The Company earns revenue from services, which has included the following:  electronic check processing, financial verification, identity verification and check guarantee services. The services are performed pursuant to a contract with a customer, which states the services to be utilized and the terms and fixed price for all services under contract.  The price of these services may be a fixed fee per transaction and/or a percentage of the transaction processed depending on the service.

Revenue from electronic check processing is derived from fees collected from merchants to convert merchant customer check data into an electronic image of a paper draft, which allows the Company to deposit the funds to the merchant’s bank through check 21 image clearing with the Federal Reserve on behalf of the bank.  The Company recognizes the revenue related to electronic check processing fees when the services are performed.

Revenue from financial verification is derived from fees collected from merchants to process requests to validate financial verifications to an outside service provider under contract with the Company.  This revenue is recognized when the transaction is processed, since the Company has no further obligations.

Revenue from check guarantee services is derived from fees collected from merchants to process transaction to an outside service provider under contract with the Company.  This revenue is recognized when the transaction is processed, since the Company has no further obligations.

Earnings Per Share

Basic earnings (loss) per share is computed by dividing net income (loss) by weighted average number of shares of common stock outstanding during each period.  Diluted earnings (loss) per share is computed by dividing net income (loss) by the weighted average number of shares of common stock, common stock equivalents and potentially dilutive securities outstanding during the period.

 
8

 

MyECheck, Inc.

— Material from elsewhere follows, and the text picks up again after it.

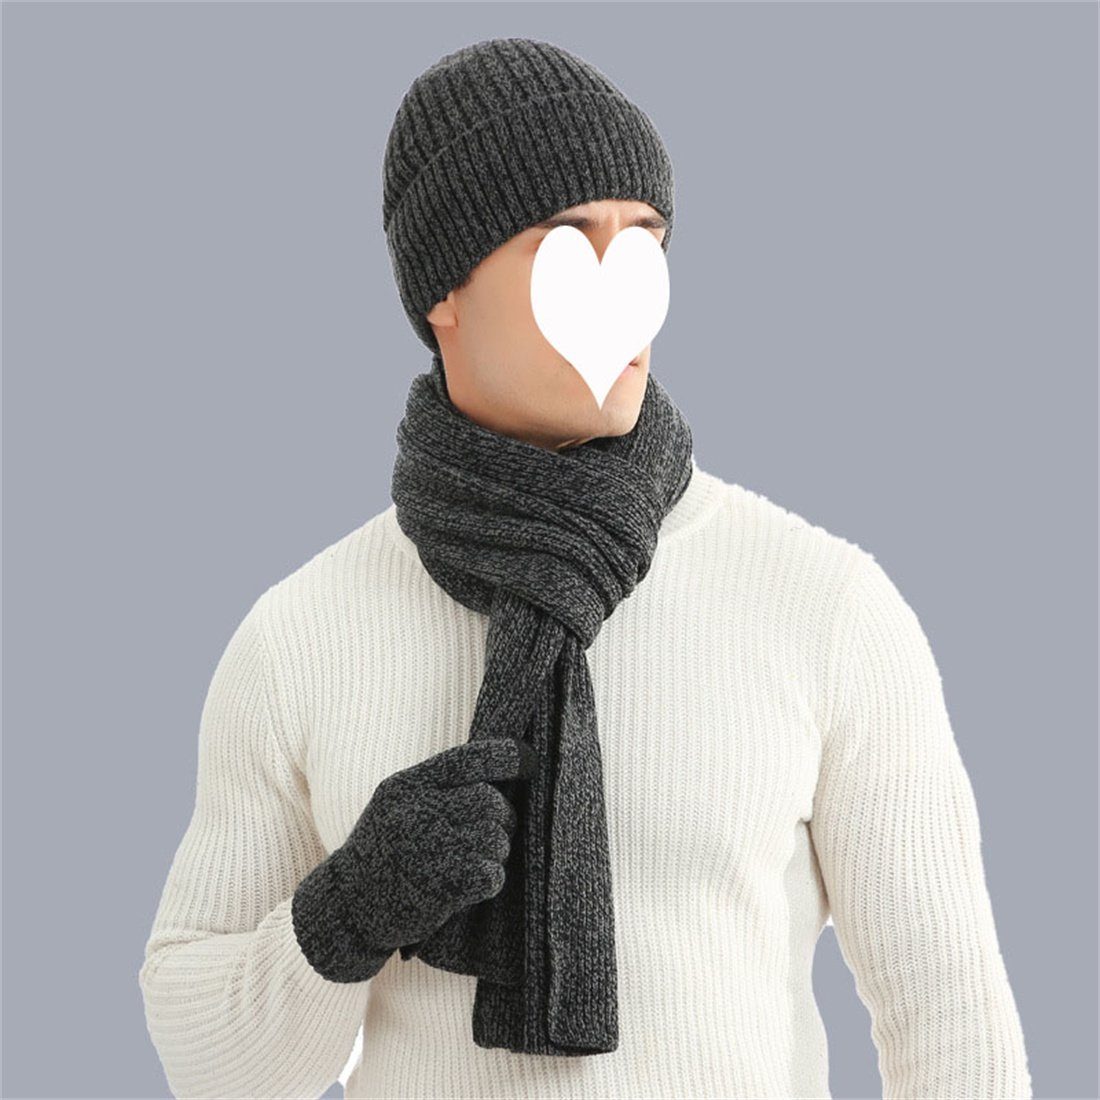 DÖRÖY Strickmütze Wintermütze aus verdickter Wolle,Warmer Mützenschal Handschuhe 3er Set dunkelgrau | Strickmützen

And Subsidiary
Notes to Consolidated Financial Statements
September 30, 2009
(Unaudited)

For the nine months ended September 30, 2009, the Company had 7,300,000 options, and for the nine months ended September 30, 2008, the Company had no common stock equivalents outstanding.  These common stock equivalents in 2009 were issued in connection with the Company’s stock option grants to employees and consultants; however since the Company reflected a net loss in 2009, the effect of considering any common stock equivalents, if outstanding, would have been anti-dilutive. A separate computation of diluted earnings (loss) per share is not presented.

Advertising

Advertising is charged to operations as incurred.  Advertising expense for the nine months ended September 30, 2009 and 2008, respectively, was $3,691 and $7,939.

Stock-Based Compensation

All share-based payments to employees are recorded and expensed in the statement of operations.  Measurement and recognition of compensation expense for all share-based payment awards made to employees and directors including grants of employee stock options are based on estimated fair values.  The Company has used the Black-Scholes option-pricing model to estimate grant date fair value for all option grants.

Share-based compensation expense is based on the value of the portion of share-based payment awards that is ultimately expected to vest during the year, less expected forfeitures.  Forfeitures should be estimated at the time of grant and revised, if necessary in subsequent periods if actual forfeitures differ from those estimates.

Non-Employee Stock Based Compensation

Stock-based compensation awards issued to non-employees for services is recorded at either the fair value of the services rendered or the instruments issued in exchange for such services, whichever is more readily determinable

Recent Accounting Pronouncements

Effective July 1, 2009, the Company adopted The “FASB Accounting Standards Codification” and the Hierarchy of Generally Accepted Accounting Principles (ASC 105). This standard establishes only two levels of U.S. generally accepted accounting principles (“GAAP”), authoritative and nonauthoritative. The FASB Accounting Standards Codification (the “Codification”) became the source of authoritative, nongovernmental GAAP, except for rules and interpretive releases of the SEC, which are sources of authoritative GAAP for SEC registrants. All other non-grandfathered, non-SEC accounting literature not included in the Codification became nonauthoritative. The Company began using the new guidelines and numbering system prescribed by the Codification when referring to GAAP in the third quarter of fiscal 2009. As the Codification was not intended to change or alter existing GAAP, it did not have a material impact on the Company’s financial statements.

 
9

 

MyECheck, Inc. And Subsidiary
Notes to Consolidated Financial Statements
September 30, 2009
(Unaudited)

Effective June 30, 2009, the Company adopted three accounting standard updates which were intended to provide additional application guidance and enhanced disclosures regarding fair value measurements and impairments of securities. They also provide additional guidelines for estimating fair value in accordance with fair value accounting. The first update, as codified in ASC 820-10-65, provides additional guidelines for estimating fair value in accordance with fair value accounting. The second accounting update, as codified in ASC 320-10-65, changes accounting requirements for other-than-temporary-impairment (OTTI) for debt securities by replacing the current requirement that a holder have the positive intent and ability to hold an impaired security to recovery in order to conclude an impairment was temporary with a requirement that an entity conclude it does not intend to sell an impaired security and it will not be required to sell the security before the recovery of its amortized cost basis. The third accounting update, as codified in ASC 825-10-65, increases the frequency of fair value disclosures. These updates were effective for fiscal years and interim periods ended after June 15, 2009. The adoption of these accounting updates did not have a material impact on the Company’s financial statements.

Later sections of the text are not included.